- Born: Taleb bin Jawad bin Hussein Al-Abdulmohsen 5 November 1974 (age 51) Hufuf, Saudi Arabia
- Occupation: Psychiatrist
- Years active: 2006-2024
- Known for: Perpetrating the 2024 Magdeburg car attack; Ex-Muslim activism;
- Criminal status: Incarcerated
- Motive: Revenge for perceived mistreatment by German authorities; Opposition to German refugee policy; Attention seeking;
- Conviction: Murder (6 charges) Attempt murder (338 charges)
- Criminal penalty: Life imprisonment

Details
- Locations: Magdeburg Christmas market, Magdeburg, Germany
- Target: Christmas shoppers
- Killed: 6
- Injured: 309
- Weapon: BMW X3

= Taleb Al-Abdulmohsen =

Saudi psychiatrist and mass murderer (born 1974)

Taleb bin Jawad bin Hussein Al-Abdulmohsen (Note: طالب جواد العبدالمحسن or Taleb Al-Abdalmuhsin) (born 5 November 1974) is a Saudi-born former psychiatrist and mass murderer who perpetrated a car attack on the Christmas market of Magdeburg on 20 December 2024, which killed 6 people and injured 309 others. Abdulmohsen is known for his Islamophobic views, anti-immigration stance, and far-right political beliefs. He has identified himself as a vocal critic of Islam in various interviews.

Abdulmohsen relocated to Germany in 2006 to specialize in psychotherapy, applied for asylum, which was granted in 2016. In 2013, Rostock District Court fined him for "disturbance of public peace through the threat of criminal acts".

In June 2026, Abdulmohsen was convicted of six counts of murder and 338 counts of attempted murder and sentenced for life.

== Early life and education ==
Talib Jawad Al-Abdulmohsen was born in Hufuf, Saudi Arabia, in 1974. He hailed from a Shiite family in the largely Shiite Al-Ahsa Governorate.

He pursued medical studies and specialized in psychiatry.

==Career==
In 2006, at age 32, Abdulmohsen relocated to Germany to specialize in psychotherapy. He later applied for asylum, because he was threatened with death for renouncing Islam.

In 2016, Germany granted him asylum, citing concerns over his safety and rights if he was returned to Saudi Arabia. Even though Abdulmohsen was wanted by Saudi Arabia on charges related to terrorism and human trafficking, specifically allegations of facilitating the trafficking of individuals from Saudi Arabia and Gulf states to the European Union, the German government refused to extradite him, citing a lack of due process in Saudi Arabia. In 2023, Saudi Arabia issued an Interpol Red Notice for Abdulmohsen's extradition.

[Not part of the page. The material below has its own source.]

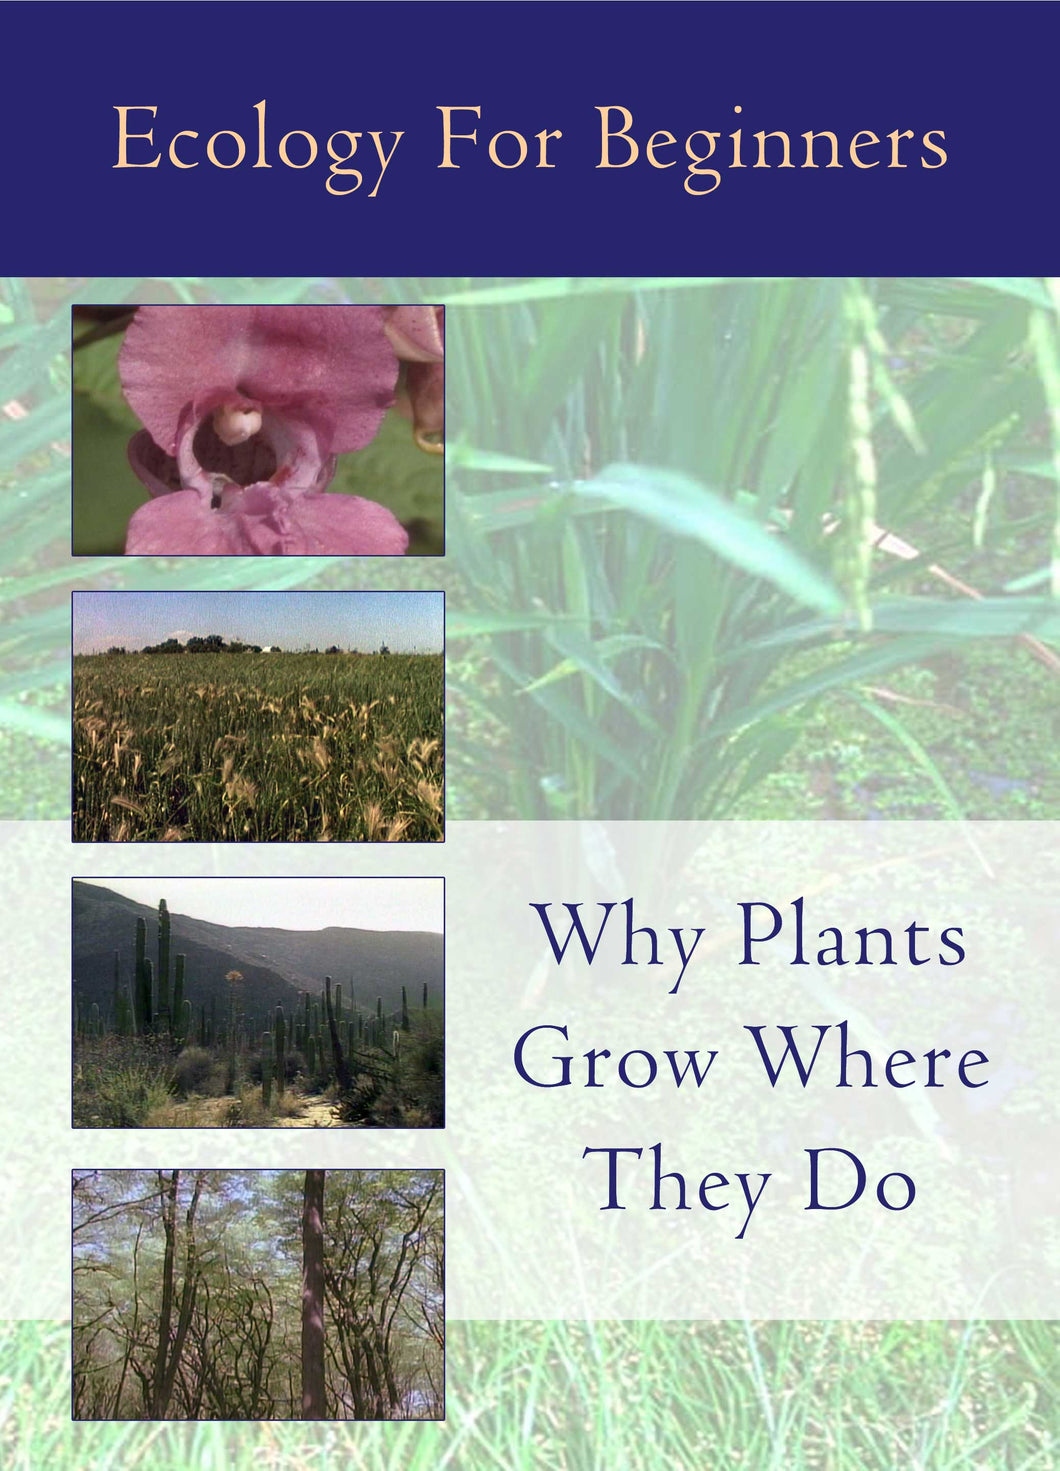 Ecology for Beginners:  Why Plants Grow Where They Do

In 2020, Abdulmohsen accused four fellow Saudi nationals of working for the Saudi government and running a fraud operation by providing women seeking to leave Saudi Arabia with invalid passports. The same year, Abdulmohsen was accused of being involved in smuggling women out of Saudi Arabia. The British National Crime Agency requested information on Abdulmohsen from German law enforcement, citing the allegations against Abdulmohsen, which included human trafficking, acquisition of forged identity documents, and participation in people smuggling operations. The request was declined for lack of burden of proof. In June 2022, the United Kingdom warned the Federal Criminal Police Office (BKA) about Abdulmohsen, as he had boasted about smuggling forced labourers into the United Kingdom on his Twitter account. His criminal conviction for threat and a prior investigation against Abdulmohsen by Landeskriminalamt Saxony-Anhalt were acknowledged, but the BKA again stated that no evidence for human trafficking by Abdulmohsen had surfaced.

Since March 2020, he worked as a doctor in the Federal Penitentiary at Bernburg, a state prison for drug rehabilitation. Since the end of October 2024, he was no longer on duty due to holidays and illness.

Abdulmohsen's qualification as a health professional was questioned by colleagues, but the hospital management took no action. He had in several cases prescribed false and dangerous medications to patients, whose lives were only saved by attentive nurses. Patients had refused to be treated by him for his insufficient command of the German language, which led to misunderstandings. For his consultation of a search engine for every diagnosis, coworkers told the Mitteldeutsche Zeitung he had been nicknamed "Doctor Google".

== 2024 Magdeburg car attack ==

On 20 December 2024, Abdulmohsen allegedly drove a vehicle into a crowded Christmas market in Magdeburg, Germany, killing 6 people, and injuring 323 others. He was arrested at the scene.

=== Trial and sentencing ===
On 10 November 2025, Abdulmohsen's trial began at Landgericht Magdeburg. The proceedings were set for 46 court dates.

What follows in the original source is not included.